Section 1202: Qualified Small Business Stock

Using IRS Section 1202, taxpayers can sell stock potentially free of federal capital gains taxes if the requirements are met. This article is meant to be an easily-digestible introduction to qualified small business stock. It is not personal legal/tax/financial advice or an exhaustive discussion of QSBS.

Eligibility requirements

The central elements in meeting the requirements for a qualified small business capital gain exclusion are:

  • Stock was acquired at original issuance on or after August 11, 1993 from a domestic C Corporation.
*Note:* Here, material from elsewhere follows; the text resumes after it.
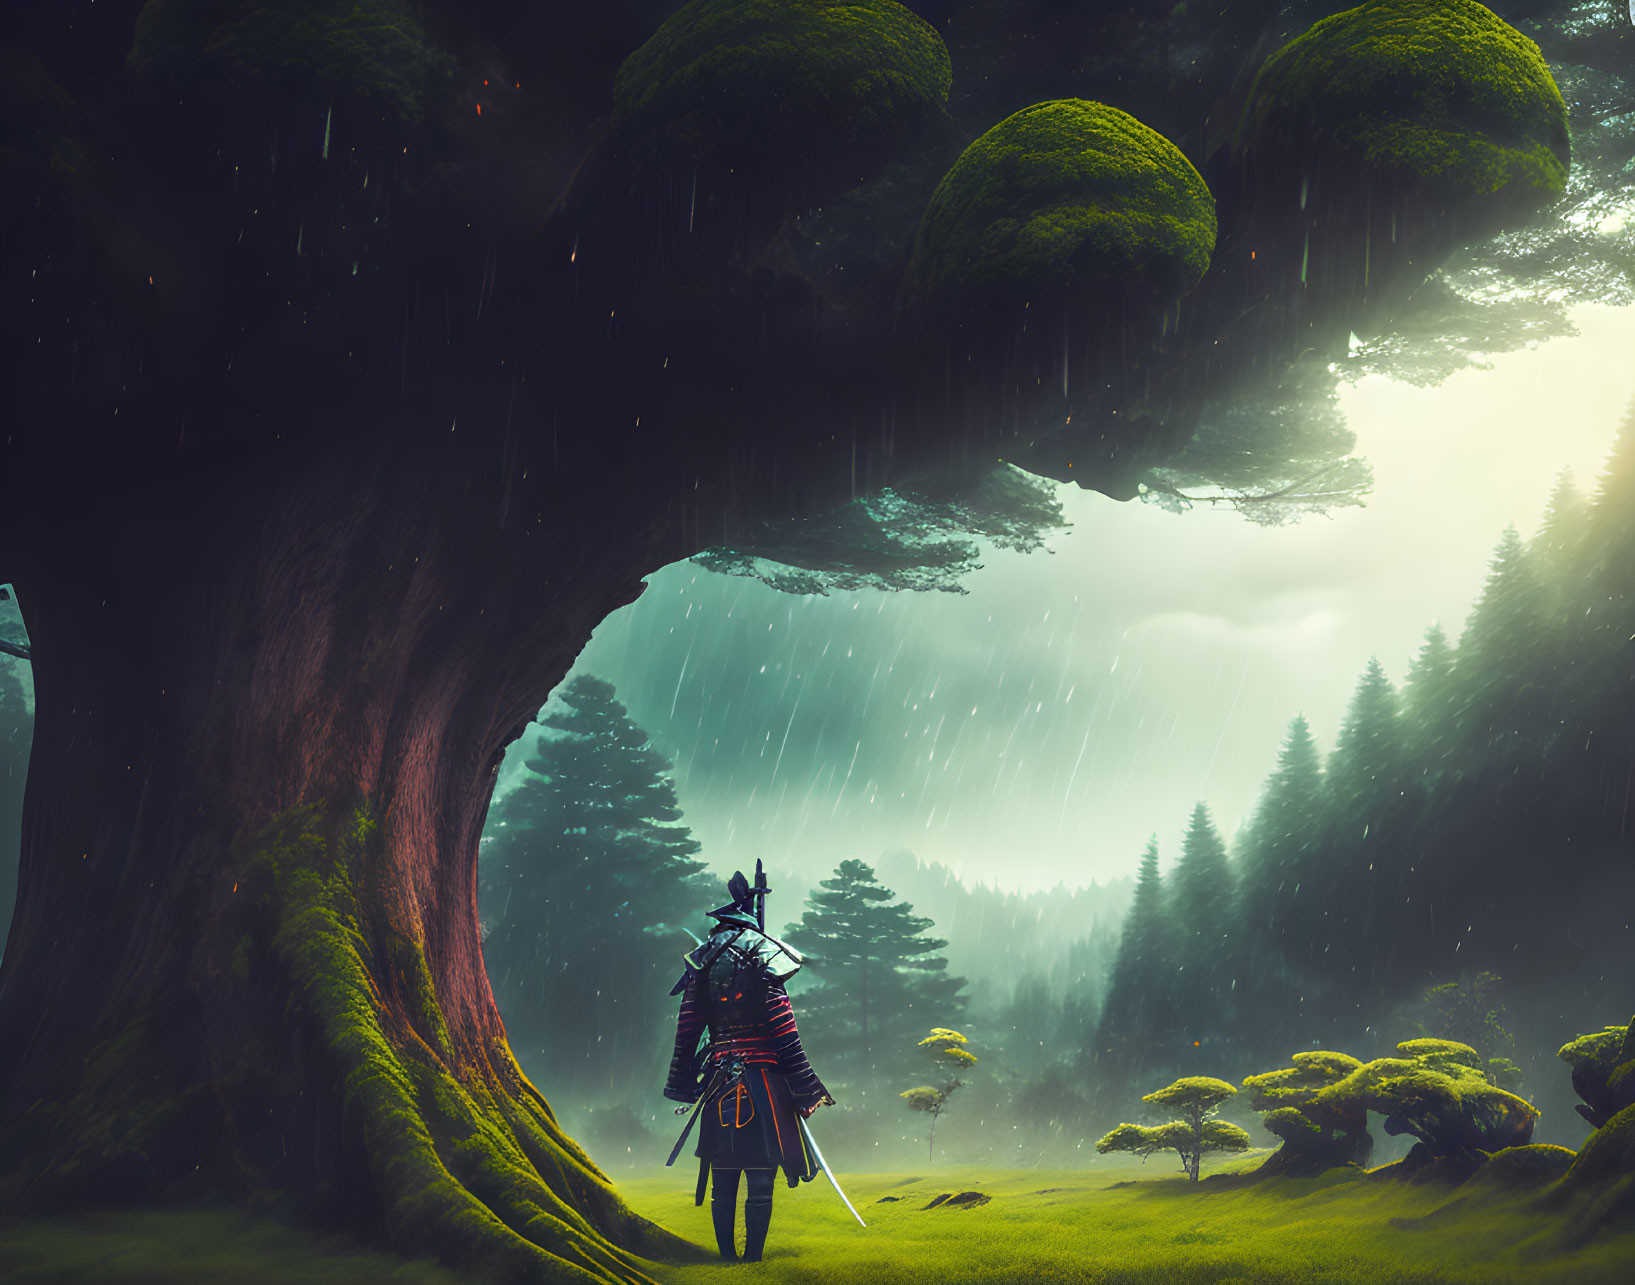 Samurai beneath ancient tree in mystical rainforest

Shares must be exchanged for money, property (other than stock), or compensation for services performed for the issuing corporation.
  • At any time before and right after issuance, the company’s gross assets were less than or equal to $50M¹. Generally, gross assets mean cash and adjusted tax basis in property held by the issuing corporation.
  • 5-year holding period. If you have stock options, your exercise date is the date you acquire the stock. In general, the original purchaser of QSBS must be the seller claiming the Section 1202 exclusion.²
  • At least 80% of the corporation’s assets must be used in qualified trades or businesses. This excludes a trade or business where the principal asset is the reputation or skill of one or more of its employees (e.g. professional services, consulting, law, health, financial services, farming, among others). Also note that holding too much non-operating real estate, cash, and/or portfolio assets can disqualify stock from Section 1202.
  • Significant stock redemptions by the issuer can disqualify shares from meeting the requirements of Section 1202. Redemption tests include whether the corporation repurchased stock from you (the shareholder seeking QSBS status) or z relative within a 4-year period (2 years before and after issuance) or redemptions from any shareholder within a 2-year period (1 year before and after issuance).³

This isn’t an exhaustive list, but a summary of the primary elements. Discuss your unique circumstances with your tax advisor.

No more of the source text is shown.